Staying Motivated - Unfortunately, as a new sleep-deprived-zombie-of-a-dad, there is currently not an FDA approved pre-workout formula on the market strong enough to get you jacked up to train. You will almost always feel sluggish and tempted to make that age-old mistake of “going through the motions.” That is why you need to enjoy it. During this time, your home-life will undoubtedly be as stressful and out of control as it has ever been. So use your time in the gym to make you better equipped to handle it by making sure it is a time for you to “let go” and enjoy the work. If you pick a goal during this time that you do not personally care about or enjoy, I promise, you will lose interest, and quickly.

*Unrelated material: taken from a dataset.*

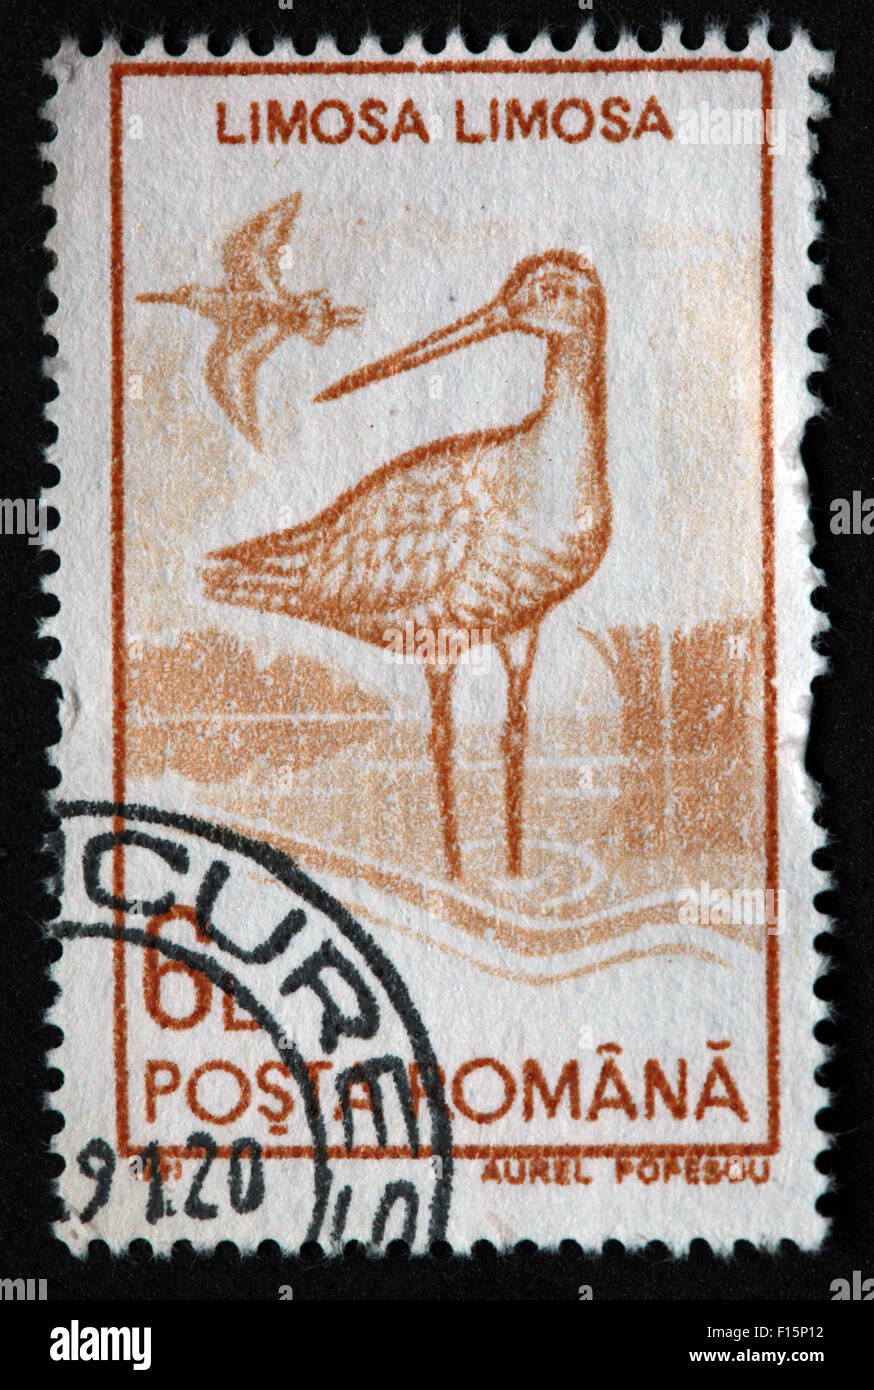 1991 Posta Romana Limosa Limosa bird Egret Aurel Popescu Stamp Stock Photo

So this is your free pass to do the work that you enjoy doing. You still need to work hard, but it’s okay to do a bit more of the stuff you enjoy (within reason… you can’t do skull crushers every day). Aside from mitigating an inevitable lack of motivation, enjoying your very limited time training will ultimately make you a better father. I know that I personally use the gym as a sort of meditation. It allows me to clear my mind, and no matter how short the session is, it makes me feel like I did something that was 100% FOR ME. As such, I always return home ready and willing to support my wife and daughter in any way possible. Truthfully, that was the most beneficial part of my training during this hectic time. It was for me “in the now”, so I could be better for them “in the forever”.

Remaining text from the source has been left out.